Ameaçou a seguir outros rumos, prestando
seu primeiro vestibular para a Faculdade
de Arquitetura e Urbanismo, mas não
resistiu aos acordes.
“Meus amigos e professores do cursinho me
estimulavam a fazer música. Na época,
formamos um grupo chamado Mesa de Bar.
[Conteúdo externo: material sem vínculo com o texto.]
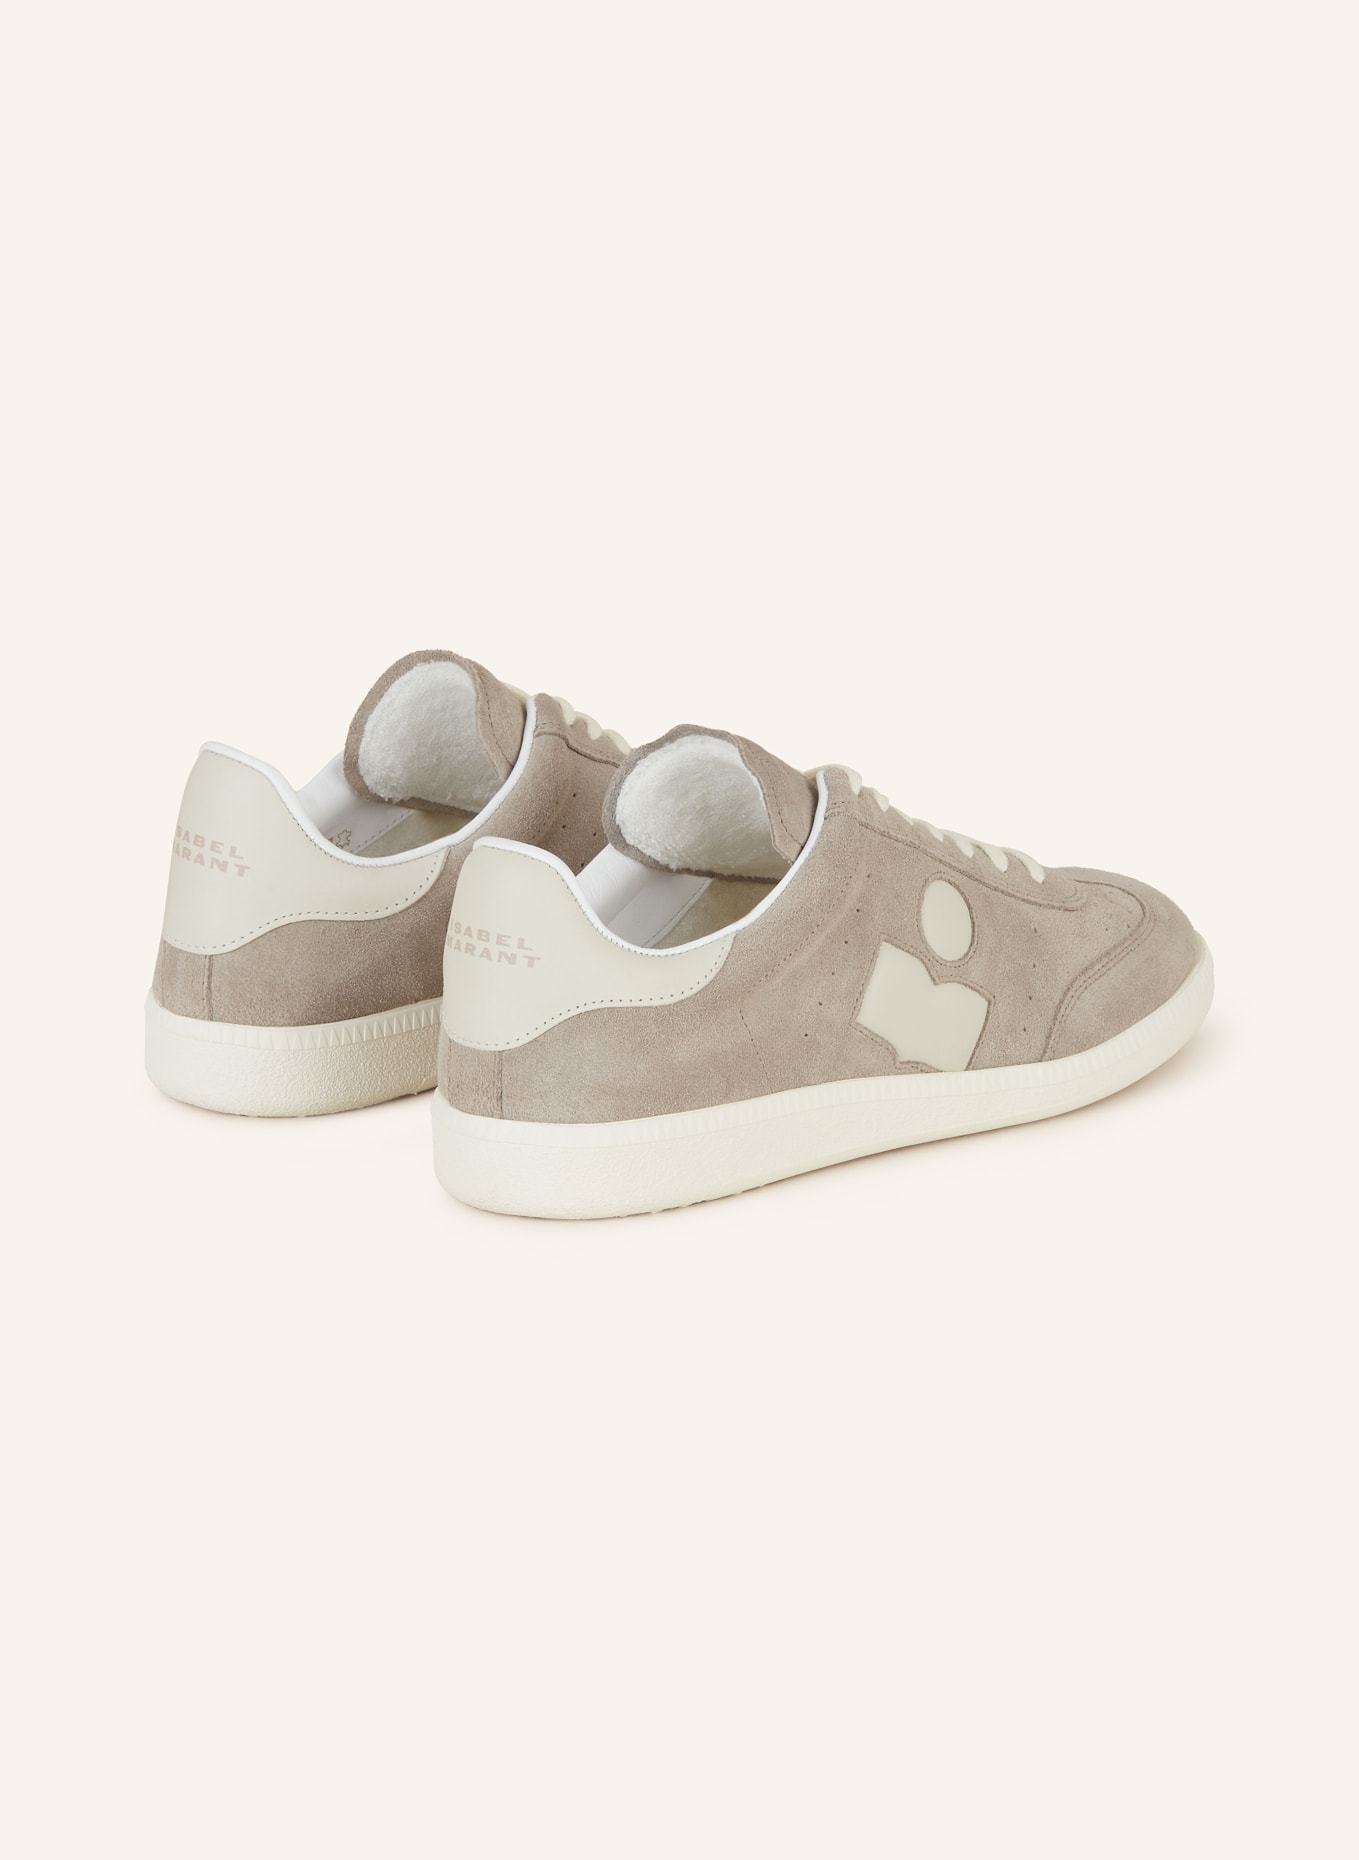 ISABEL MARANT Sneaker BRYCE, Farbe: TAUPE (Bild 2)

Eu
já tocava flauta transversal, instrumento
com o qual me profissionalizei, e fazia arranjos
para o grupo.” Em 1977, Jardim entrou para
o CMU como aluno do curso de graduação
em regência, que durou até 1982.
No final do curso, tocava na Orquestra Juvenil
do Estado de São Paulo e, junto com
amigos do CMU, formou o grupo Papavento. “O
grupo, a princípio, tocava arranjos
que fazia para se apresentar na noite para
sobreviver, com o tempo foi compondo nossas
músicas”. Até que Egberto Gismonti
conheceu o Papavento e o convidou para gravar
um disco. “Esse foi o momento de profissionalização,
o grupo gravava bastante e eu comecei a escrever
muitos arranjos.”
Apesar do curso de Regência, Jardim
ganhava a vida a maior parte do tempo como
instrumentista. “Embora estivesse sempre
estudando música clássica,
sobrevivia muito com música popular,
que são influências da minha
família.” Com o passar dos anos, a
MPB se tornou muito importante em sua vida – “tive
o privilégio de trabalhar com meus ídolos:
Egberto Gismonti, Naná Vasconcelos,
Milton Nascimento, Gilberto Gil, Ivan Lins,
Leila Pinheiros e tanta gente boa”.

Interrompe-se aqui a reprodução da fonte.